100 P.2d 427, 55 Wyo. 427, 1940 Wyo. LEXIS 15
CourtWyoming Supreme Court
DecidedMarch 26, 1940
Docket2135
StatusPublished
Cited by1 cases

This text of 100 P.2d 427 (Cowan v. State Ex Rel. Blanchar) is published on Counsel Stack Legal Research, covering Wyoming Supreme Court primary law. Counsel Stack provides free access to over 12 million legal documents including statutes, case law, regulations, and constitutions.

Bluebook
Cowan v. State Ex Rel. Blanchar, 100 P.2d 427, 55 Wyo. 427, 1940 Wyo. LEXIS 15 (Wyo. 1940).

Opinion

*431 Kimball, Justice.

This is a mandamus action on the relation of holders of special' assessment bonds to compel the Mayor and Councilmen of the City of Casper to make a reassessment to cover a deficiency in the original assessment for payment of the bonds. After a trial, a peremptory writ was issued as prayed in the petition, and defendants prosecute error.
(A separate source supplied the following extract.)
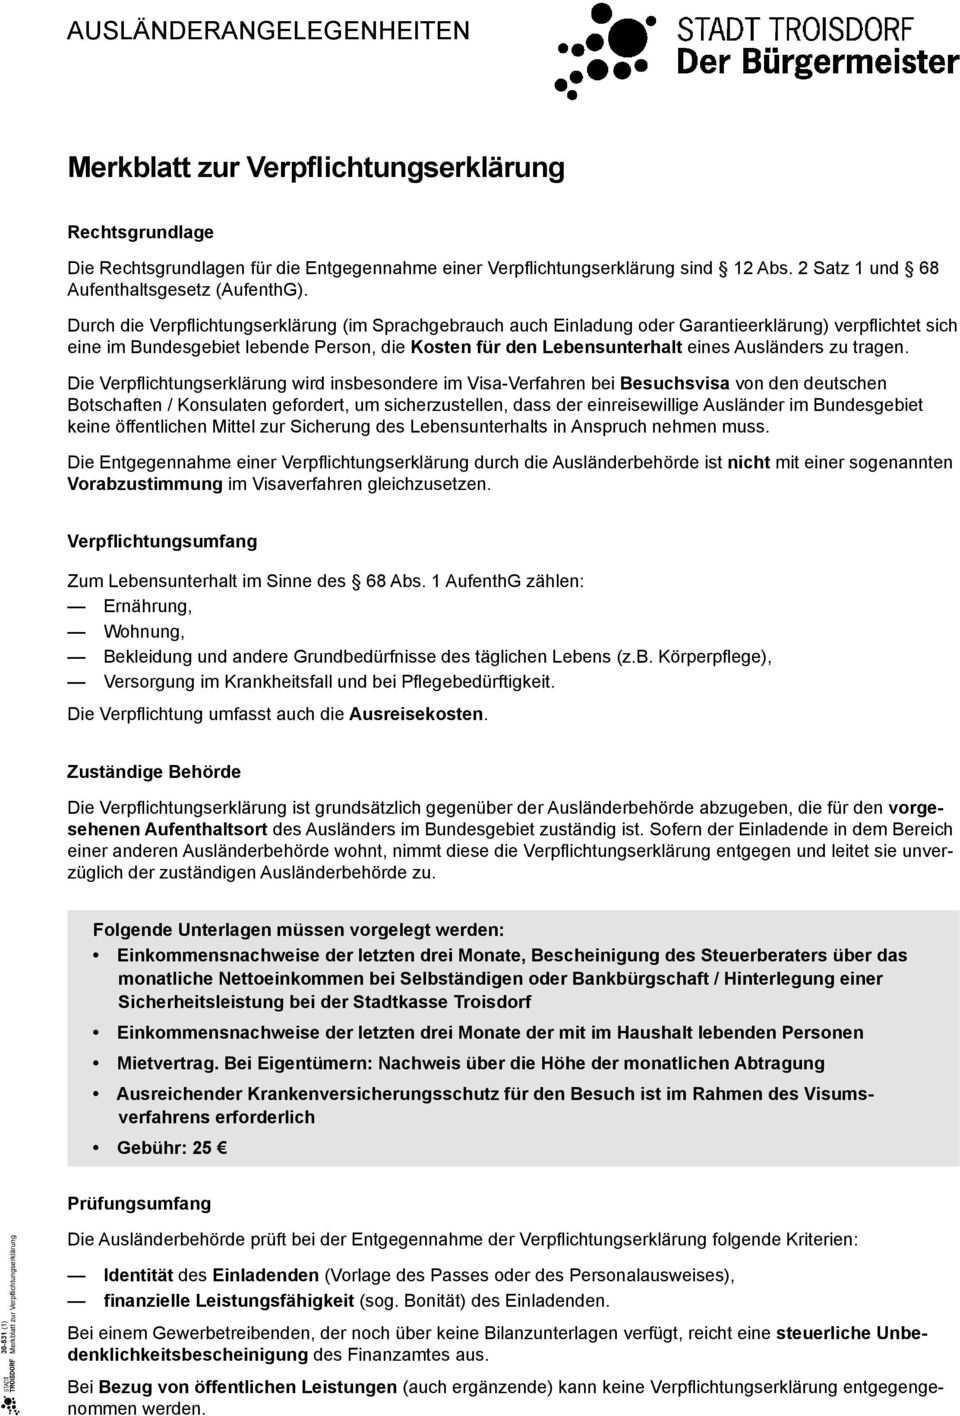 Merkblatt Zur Verpflichtungserklarung Pdf Kostenfreier Download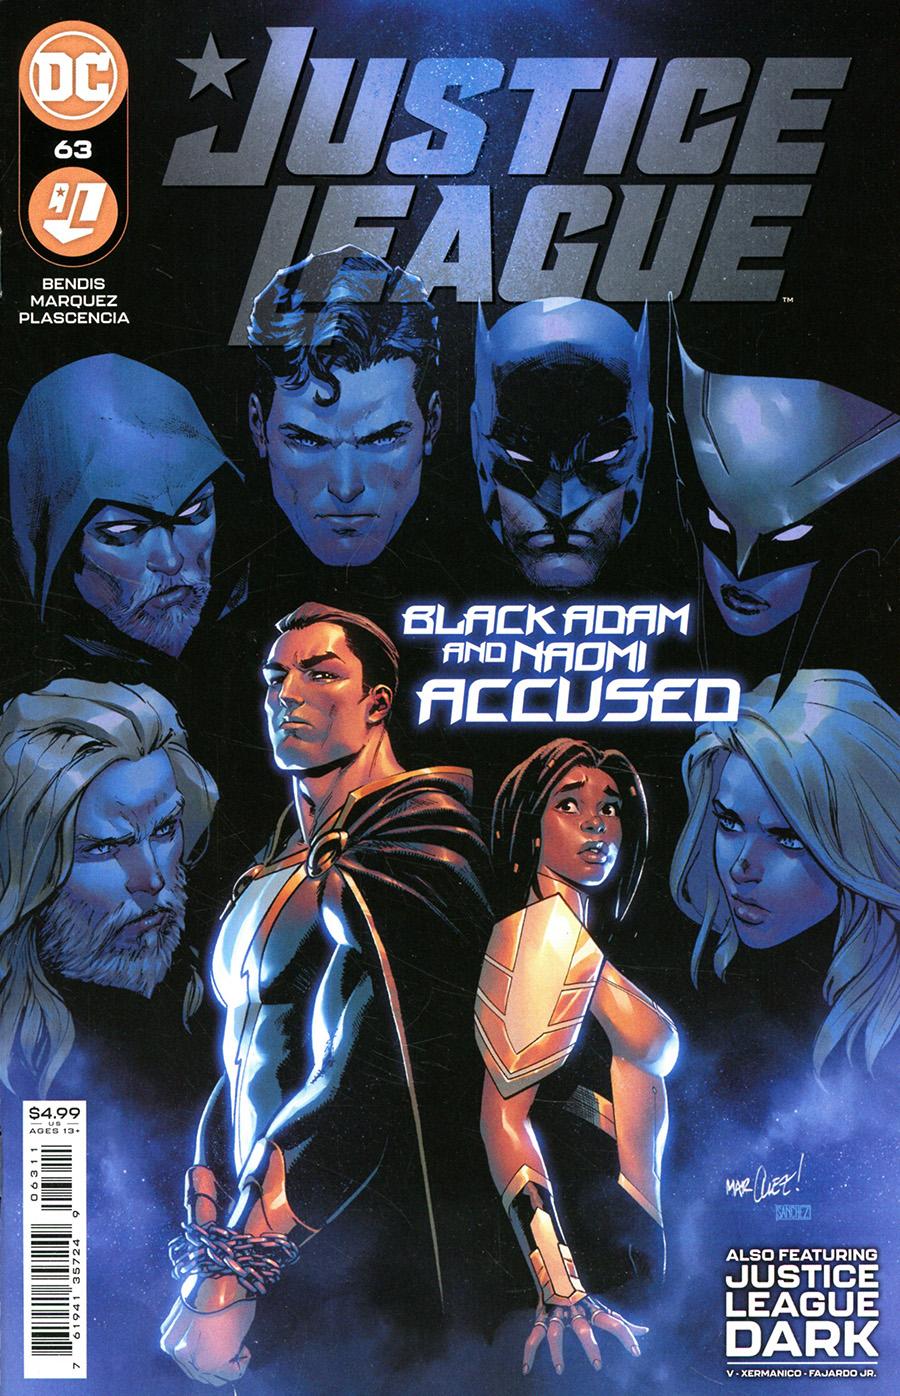 Justice League Vol 4 #63 Cover A Regular David Marquez Cover

Their contention is that they do not now have power to make a reassessment.

The improvement was paving. The district was created, assessment made, work completed and bonds issued under an act of 1915 which appears as sections 22-1501, et seq., R. S. 1931. The council is authorized, and by mandatory language directed, to make reassessments whenever “the amount assessed shall not be sufficient.” Section 22-1542. Defendants rely on a limitation placed on this authority by section 22-1545, which reads as follows:

“No city or town shall have jurisdiction to proceed with any re-assessment or supplemental assessment unless the ordinance ordering the same shall be passed by the council or other legislative body of such city or town within ten years from and after the time the *432 original assessment for any such improvement was finally held to be invalid, insufficient or for any cause set aside, in whole or in part, held void or its enforcement denied directly or indirectly by the courts; or, in the case of supplemental assessments, from and after the time that it was finally determined that the total amount of the valid assessments levied and assessed on account of any such improvement was insufficient to pay the whole or that portion of the cost and expense thereof to be paid by special assessment.”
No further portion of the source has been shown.